La clôture de l’instruction a été prononcée à l’issue de l’audience.
Considérant ce qui suit :
Aux termes du 1er alinéa de l’article L. 521-1 du code de justice administrative : « Quand une décision administrative, même de rejet, fait l’objet d’une requête en annulation ou en réformation, le juge des référés, saisi d’une demande en ce sens, peut ordonner la suspension de l’exécution de cette décision, ou de certains de ses effets, lorsque l’urgence le justifie et qu’il est fait état d’un moyen propre à créer, en l’état de l’instruction, un doute sérieux quant à la légalité de la décision. »
Par une décision du 9 octobre 2025, le président de l’université Jean Moulin Lyon III a refusé la mise à disposition d’une salle pour la tenue de la conférence « Femmes et génocides : réalité palestinienne », prévue le 12 novembre 2025 de 18 à 20 heures, que projette d’organiser l’association « ALyon Nous – Collectif féministe ». Cette association demande au juge des référés du tribunal, en application de l’article L. 521-1 précité du code de justice administrative, de suspendre l’exécution de cette décision.

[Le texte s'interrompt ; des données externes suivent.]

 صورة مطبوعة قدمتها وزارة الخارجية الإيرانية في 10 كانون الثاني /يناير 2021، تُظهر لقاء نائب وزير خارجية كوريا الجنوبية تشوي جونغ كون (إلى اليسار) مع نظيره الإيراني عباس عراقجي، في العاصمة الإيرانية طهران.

La condition d’urgence, à laquelle l’article L. 521-1 précité subordonne le prononcé d’une mesure de suspension doit être appréciée à la date à laquelle le juge des référés est appelé à se prononcer.
L’urgence justifie que soit prononcée la suspension d’un acte administratif lorsque l’exécution de celui-ci porte atteinte, de manière suffisamment grave et immédiate, à un intérêt public, à la situation du requérant ou aux intérêts qu’il entend défendre. Il appartient au juge des référés, saisi d’une demande tendant à la suspension d’une telle décision, d’apprécier concrètement, compte tenu des justifications fournies par le requérant, si ses effets sur la situation de ce dernier ou, le cas échéant, des personnes concernées, sont de nature à caractériser une urgence justifiant que, sans attendre le jugement de la requête au fond, l’exécution de la décision soit suspendue. L’urgence, en outre, doit être évaluée de manière objective et globale, en fonction de l’ensemble des circonstances de l’affaire, y compris la préservation des intérêts publics attachés à la mesure litigieuse.
Par une ordonnance rendue le même jour que la présente ordonnance, le juge des référés du tribunal a suspendu l’exécution de la décision contestée du 9 octobre 2025. Ainsi, les conclusions à fin de suspension d’exécution présentées dans la présente requête ne peuvent être regardées comme présentant un caractère d’urgence.
Il résulte de ce qui précède que les conclusions à fin de suspension d’exécution de la requête doivent être rejetée. Doivent être rejetées par voie de conséquence les conclusions à fin d’injonction et celles présentées sur le fondement de l’article L. 761-1 du code de justice administrative.
ORDONNE :
Article 1er : La requête de l’association « ALyon Nous – Collectif féministe » est rejetée.
Article 2 : La présente ordonnance sera notifiée à l’association « ALyon Nous – Collectif féministe » et à l’université Jean Moulin Lyon III.
Fait à Lyon le 7 novembre 2025.
Le juge des référés
J.-P. Chenevey
La République mande et ordonne au ministre de l’enseignement supérieur, de la recherche et de l’espace en ce qui le concerne ou à tous commissaires de justice à ce requis en ce qui concerne les voies de droit commun contre les parties privées, de pourvoir à l’exécution de la présente décision.